▶ **Source material**:
★ ★ ★

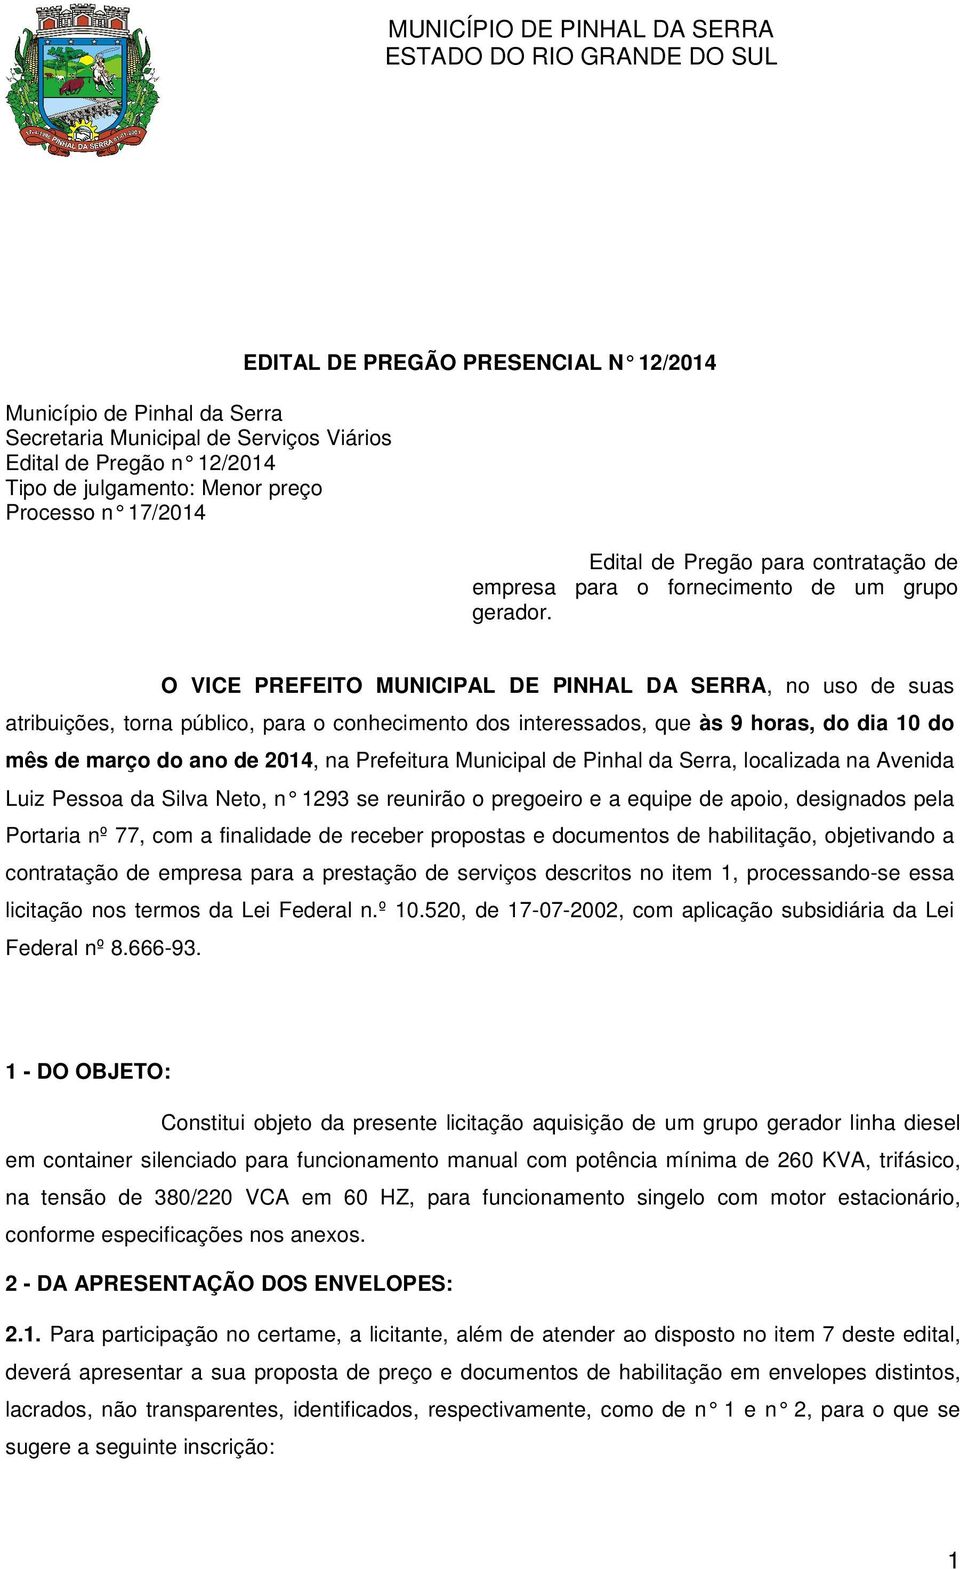 O VICE PREFEITO MUNICIPAL DE PINHAL DA SERRA, no uso de suas atribuições, torna público, para o conhecimento dos interessados, que às 9 horas, do dia 10 do mês de março do ano de 2014, na Prefeitura
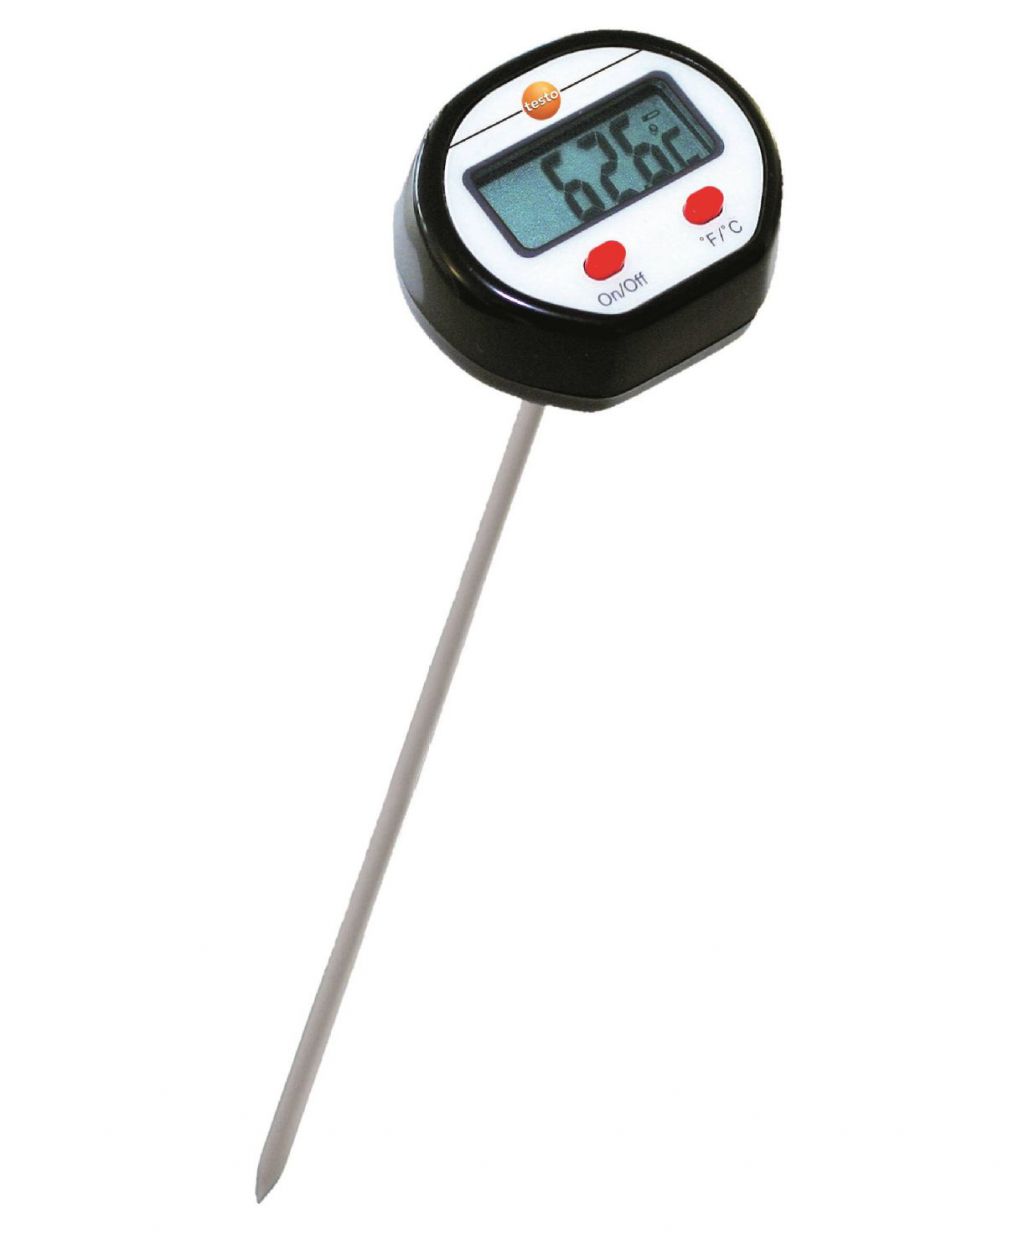 Testo мини-термометр погружной/проникающий стандартный — для измерений температуры воздуха, мягких или сыпучих субстанций, жидкостей
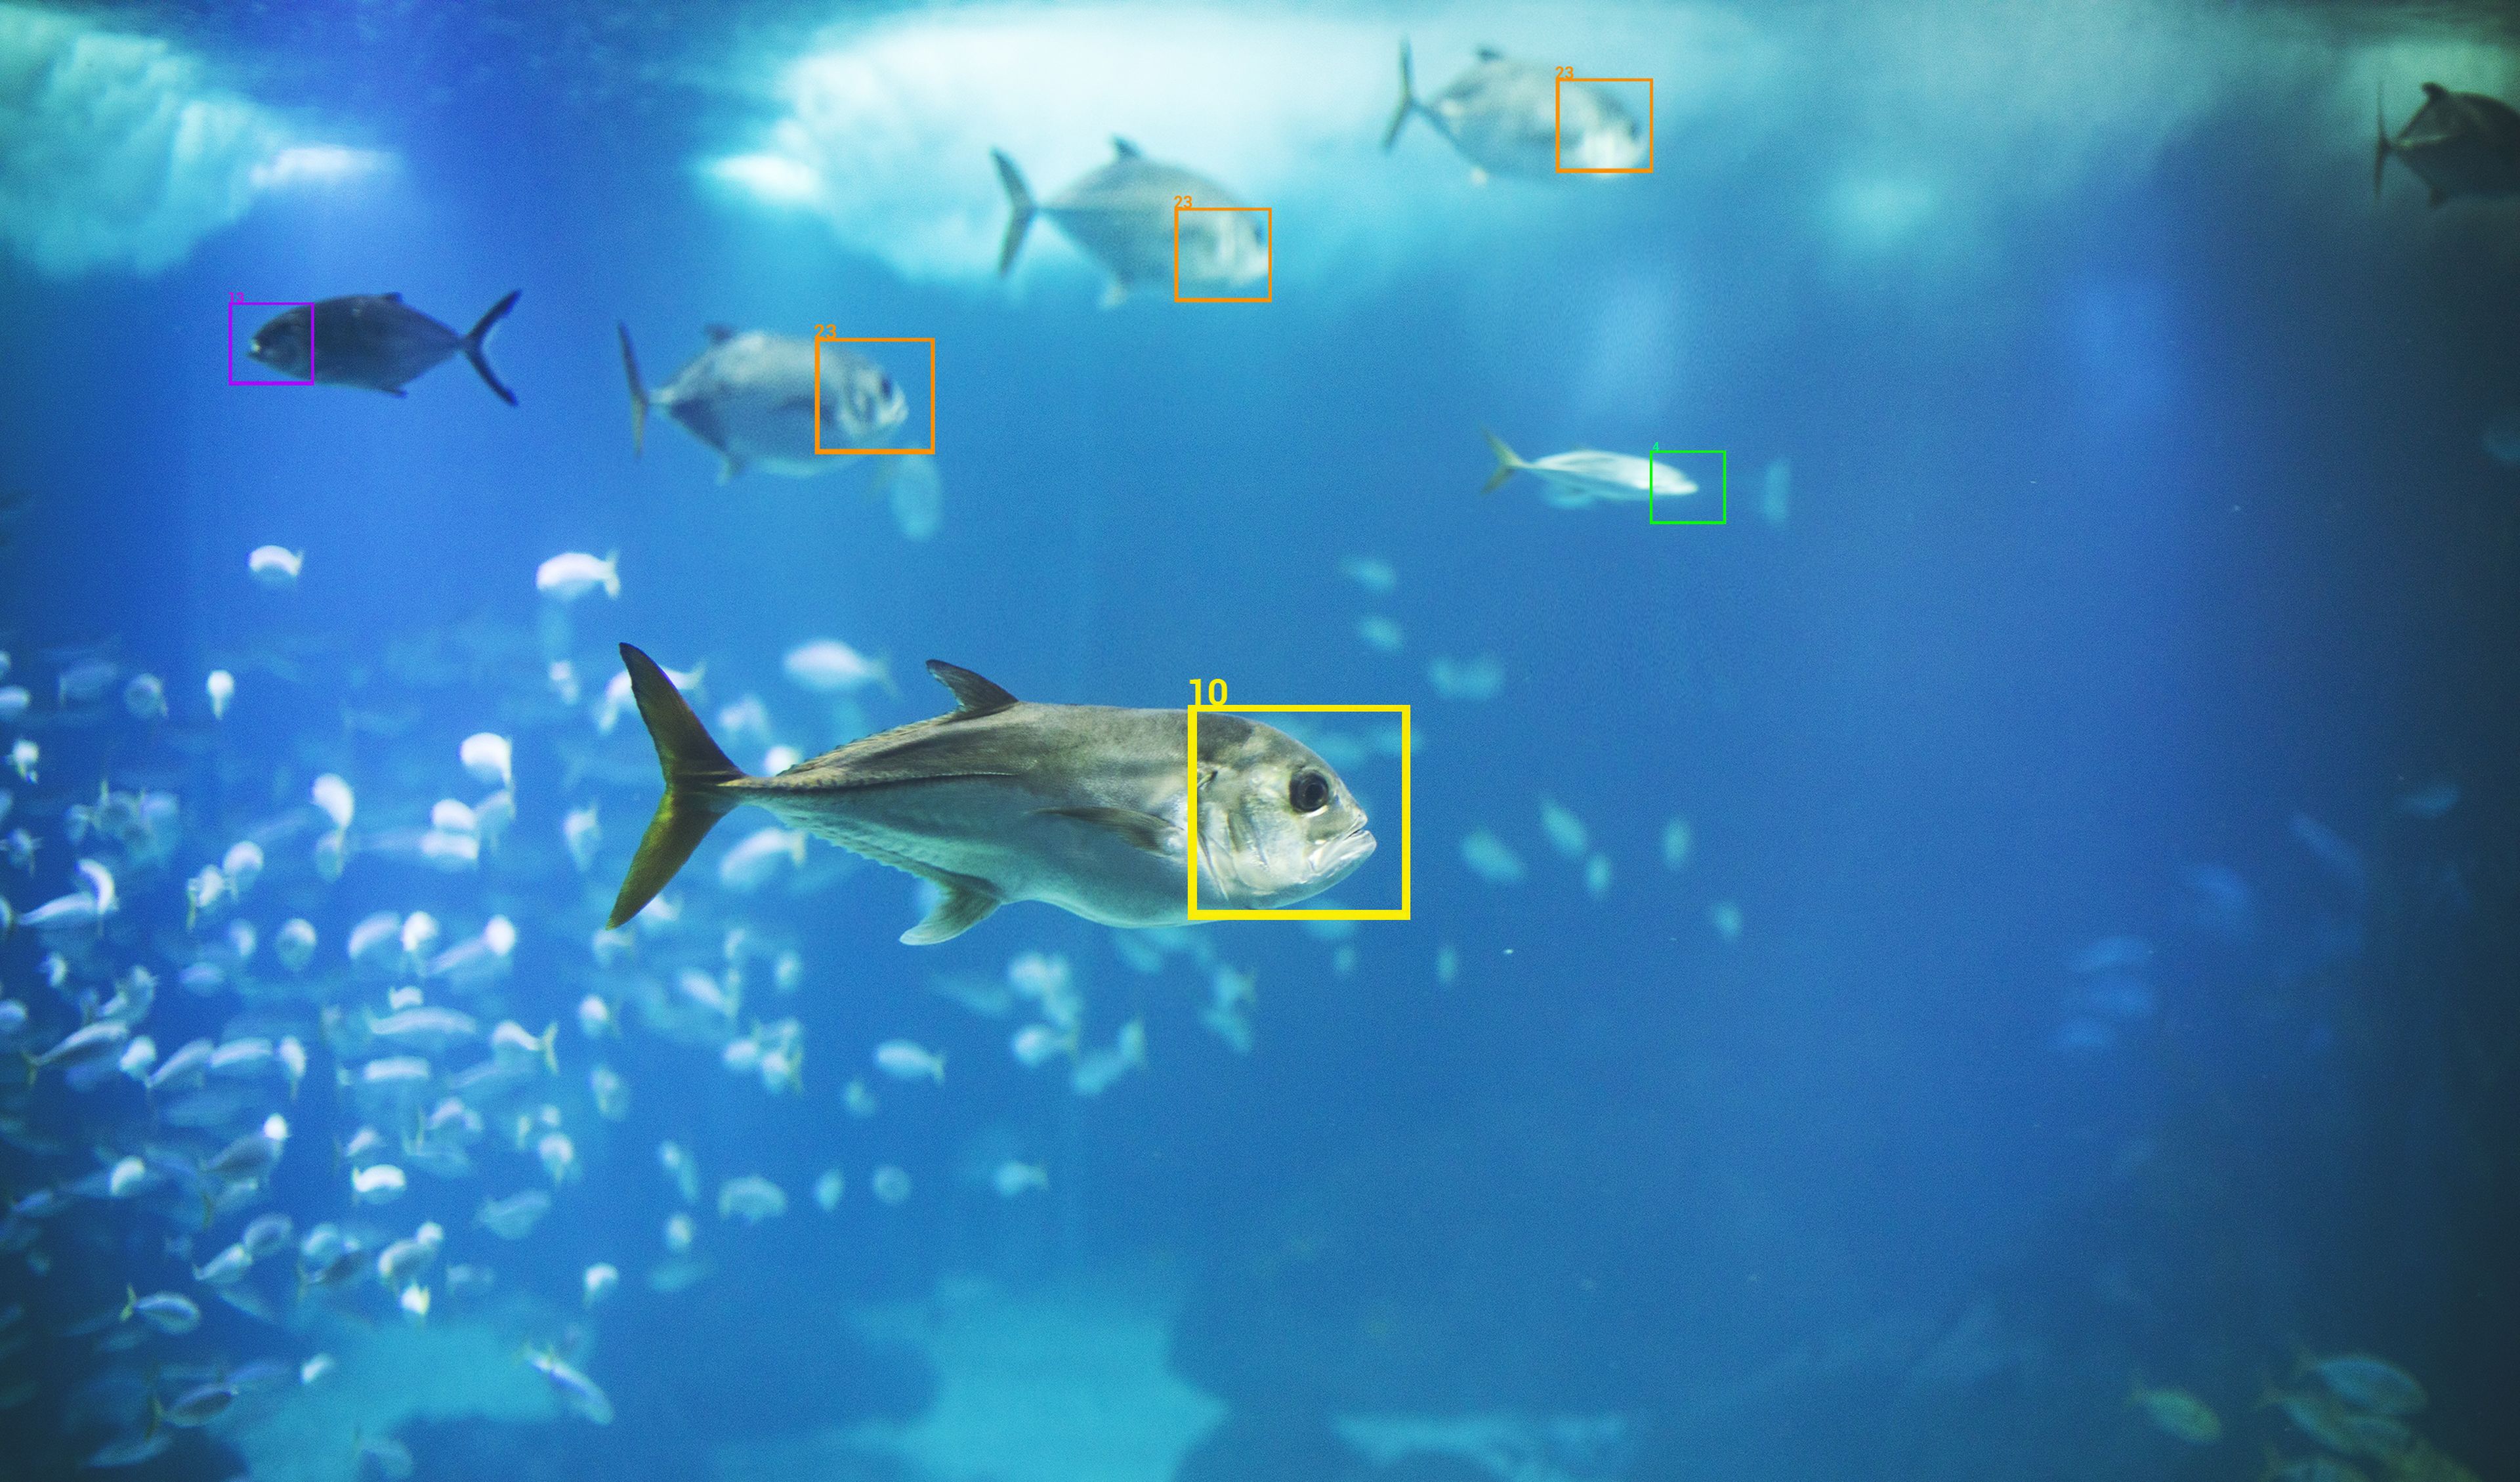 Sistema de reconocimiento de peces.

★ ★ ★

▶ **Work order**: Make an exact copy of the listing above. Do not include the pictures.

▶ **Solution below**:
 O VICE PREFEITO MUNICIPAL DE PINHAL DA SERRA, no uso de suas atribuições, torna público, para o conhecimento dos interessados, que às 9 horas, do dia 10 do mês de março do ano de 2014, na Prefeitura
 Testo мини-термометр погружной/проникающий стандартный — для измерений температуры воздуха, мягких или сыпучих субстанций, жидкостей
 Sistema de reconocimiento de peces.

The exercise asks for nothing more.